__WORK INSTRUCTIONS__. Below is a listing. Quote from it, exactly, the lines from the one containing "726 E. Mistletoe" down to the one containing "Photo via Instagram, lindsaydoodler", both ends included, and nothing else.

__PROVIDED MATERIAL__.

________________

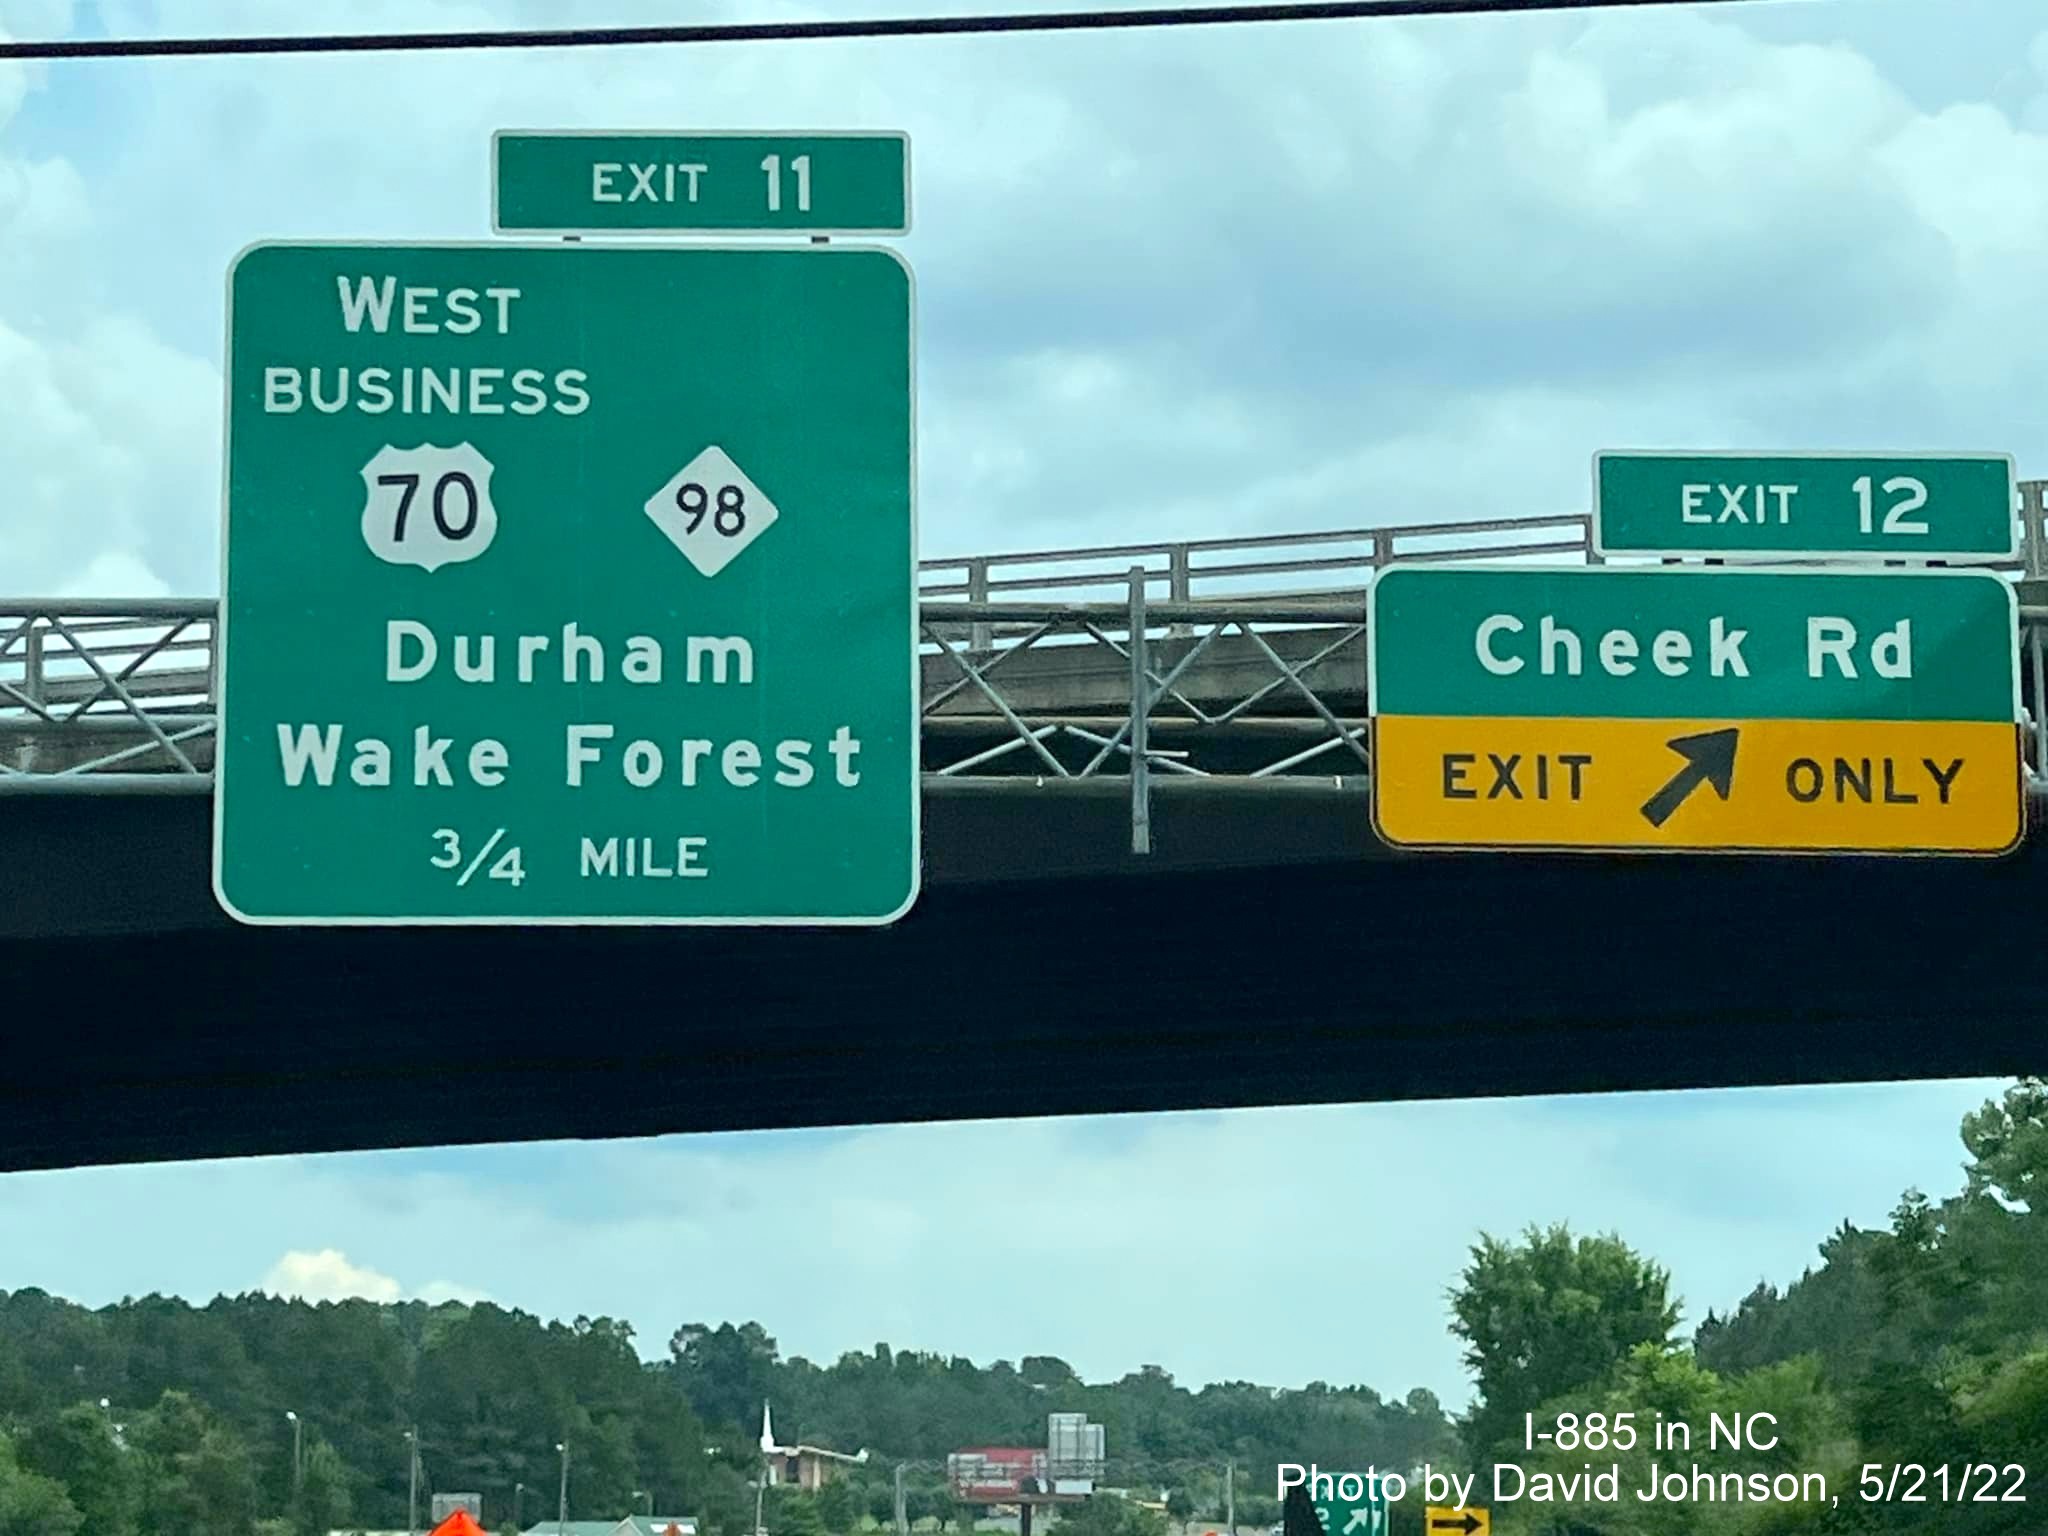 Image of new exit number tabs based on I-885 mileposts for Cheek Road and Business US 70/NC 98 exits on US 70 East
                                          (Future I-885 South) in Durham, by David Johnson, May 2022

________________

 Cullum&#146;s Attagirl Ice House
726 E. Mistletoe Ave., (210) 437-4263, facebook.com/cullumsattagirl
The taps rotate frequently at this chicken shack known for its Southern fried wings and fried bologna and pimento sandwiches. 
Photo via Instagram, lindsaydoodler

________________

__OUTPUT__.
726 E. Mistletoe Ave., (210) 437-4263, facebook.com/cullumsattagirl
The taps rotate frequently at this chicken shack known for its Southern fried wings and fried bologna and pimento sandwiches. 
Photo via Instagram, lindsaydoodler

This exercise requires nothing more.